Reproduce word for word the line holding "Amazon Business Brand" and all lines after it in the data, through the end, leaving out pictures.

◆ **Available data**

========

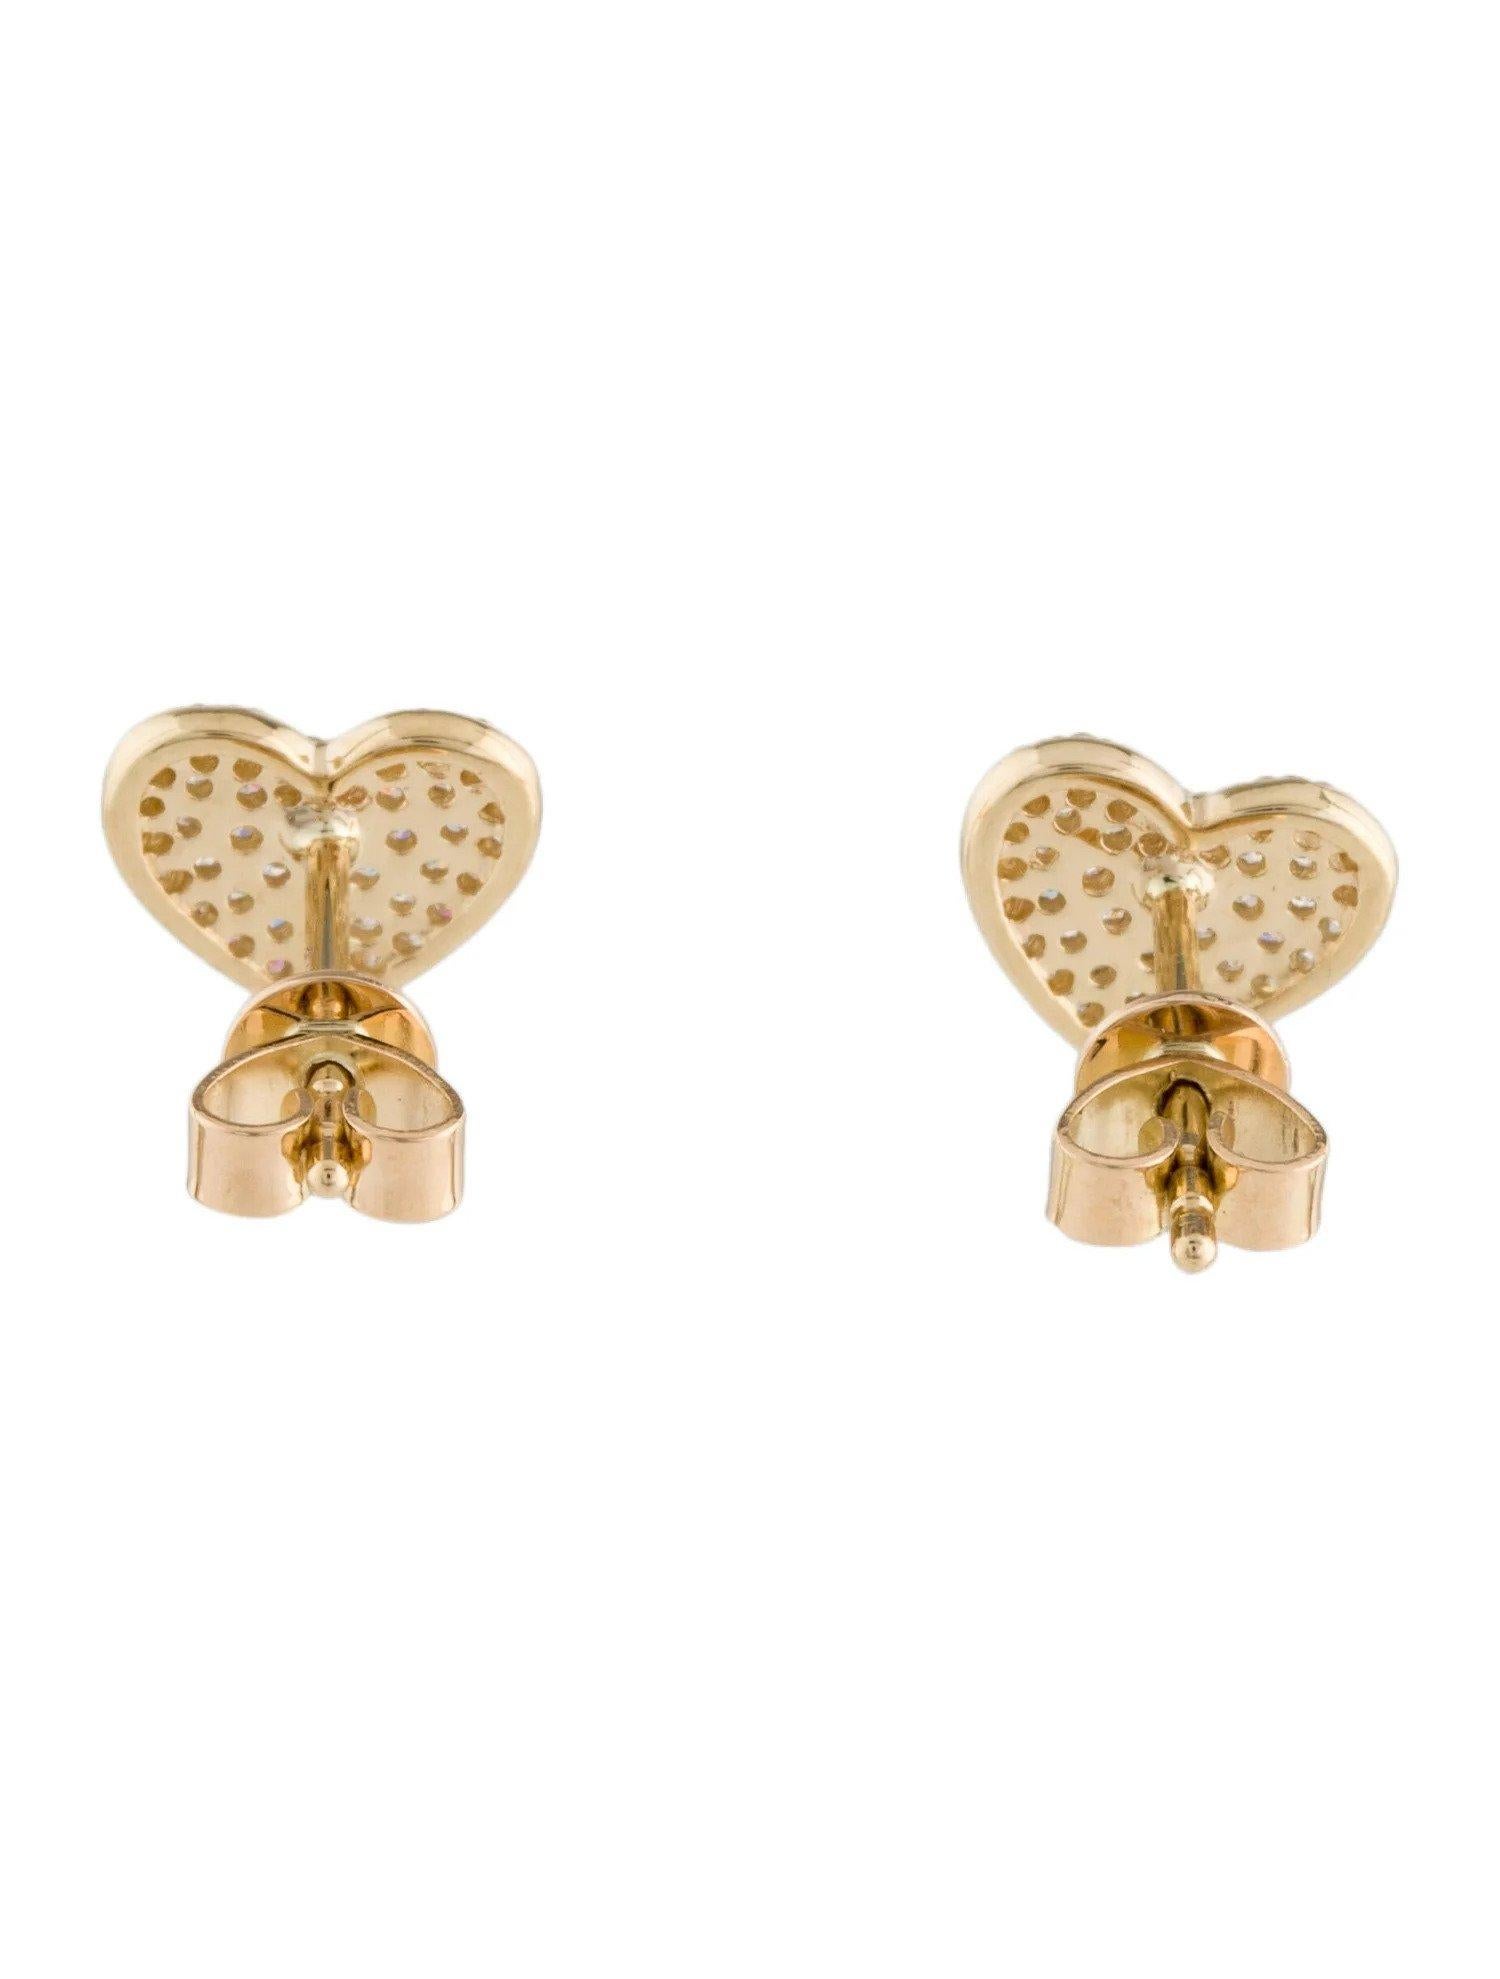 0.25 Carat Diamond Heart Yellow Gold Stud Earrings  In New Condition For Sale In Great Neck, NY
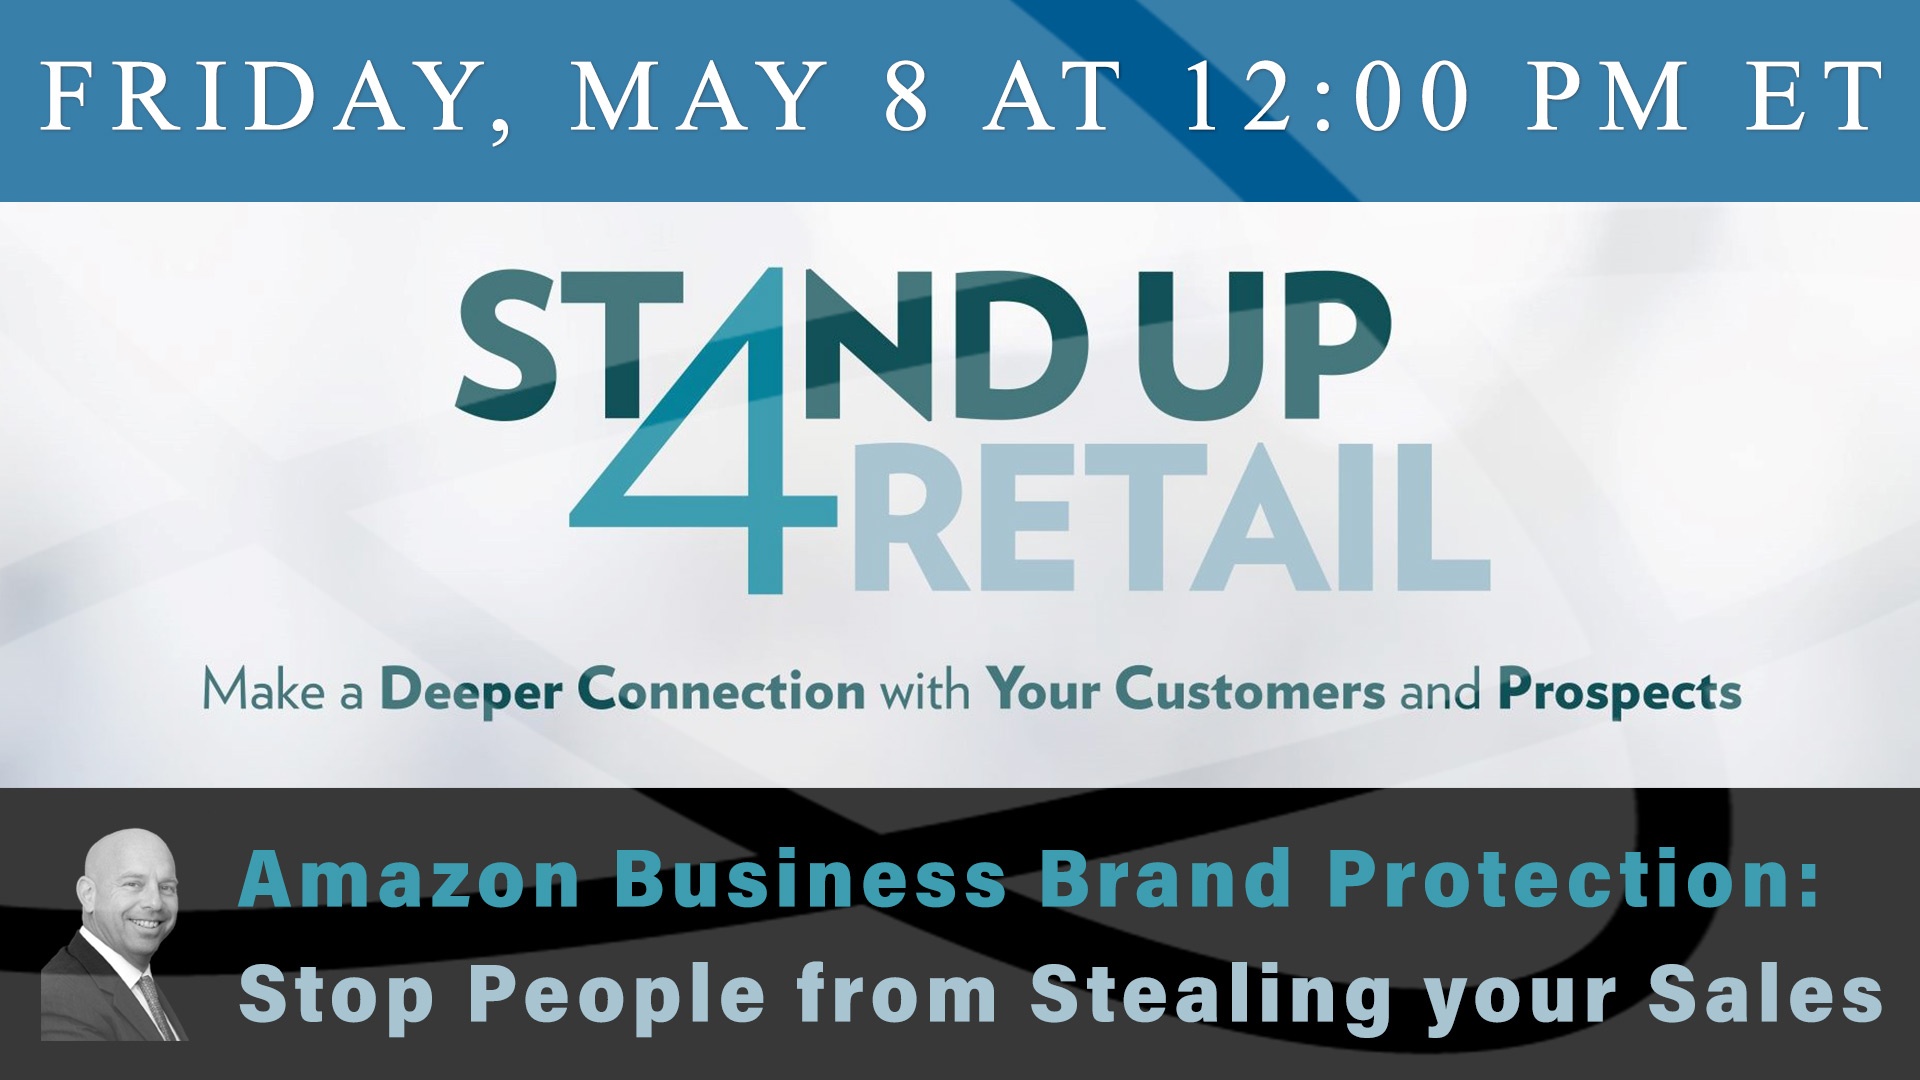 Amazon Business Brand Protection Safeguard Yourself to Stop People from Stealing your Sales
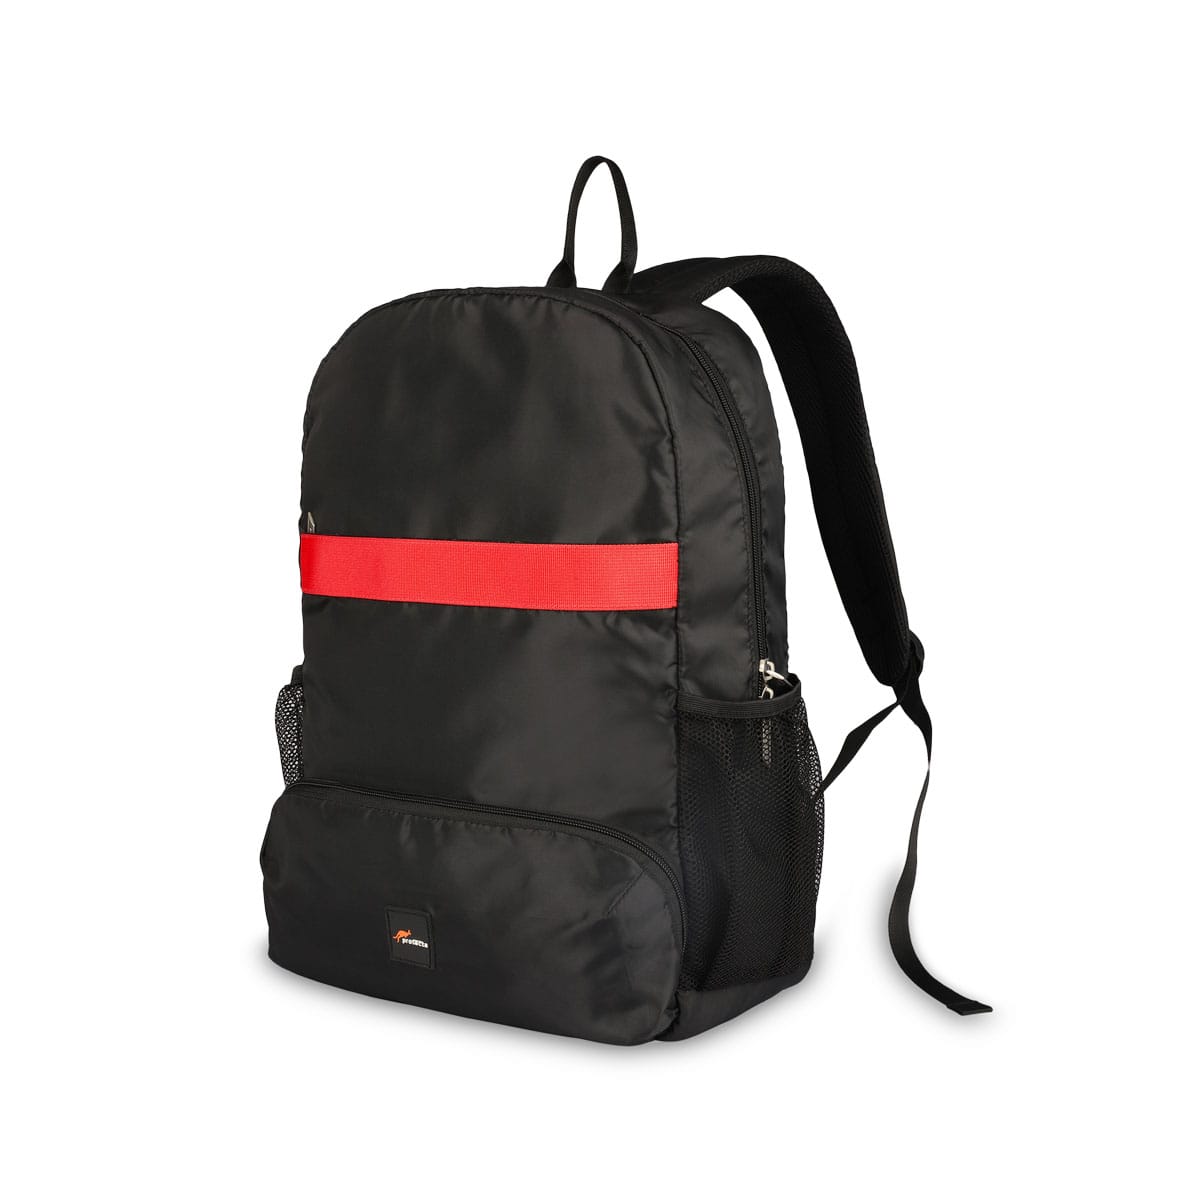 Black-Red | Protecta Triumph Laptop Backpack-Main
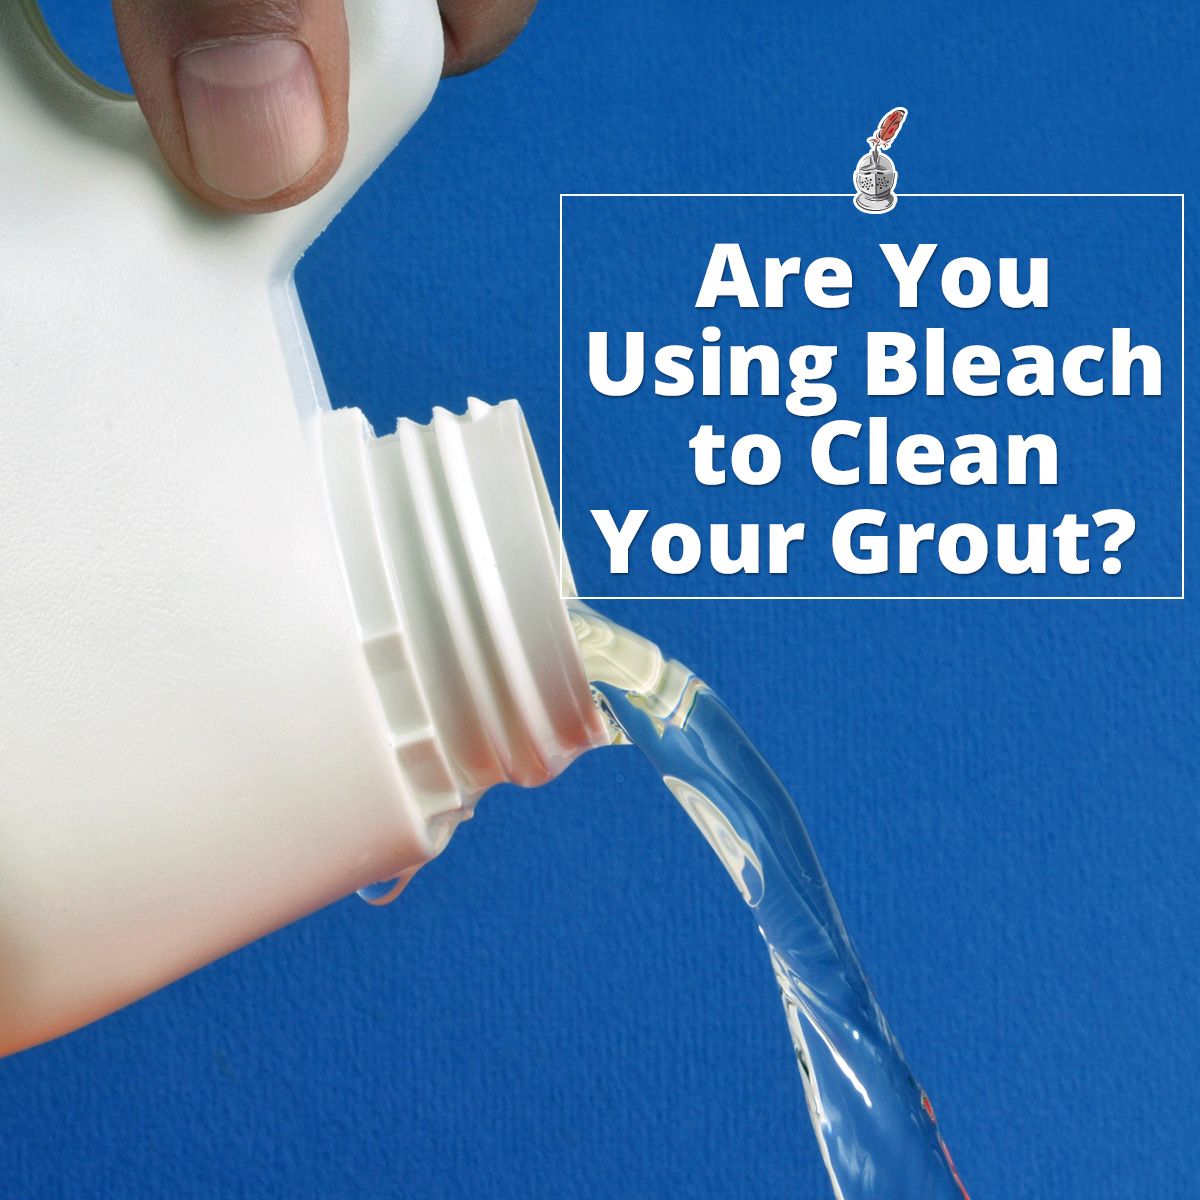 Are You Using Bleach to Clean Your Grout?

========

◆ **The answer**
 Amazon Business Brand Protection Safeguard Yourself to Stop People from Stealing your Sales
 Black-Red | Protecta Triumph Laptop Backpack-Main
 Are You Using Bleach to Clean Your Grout?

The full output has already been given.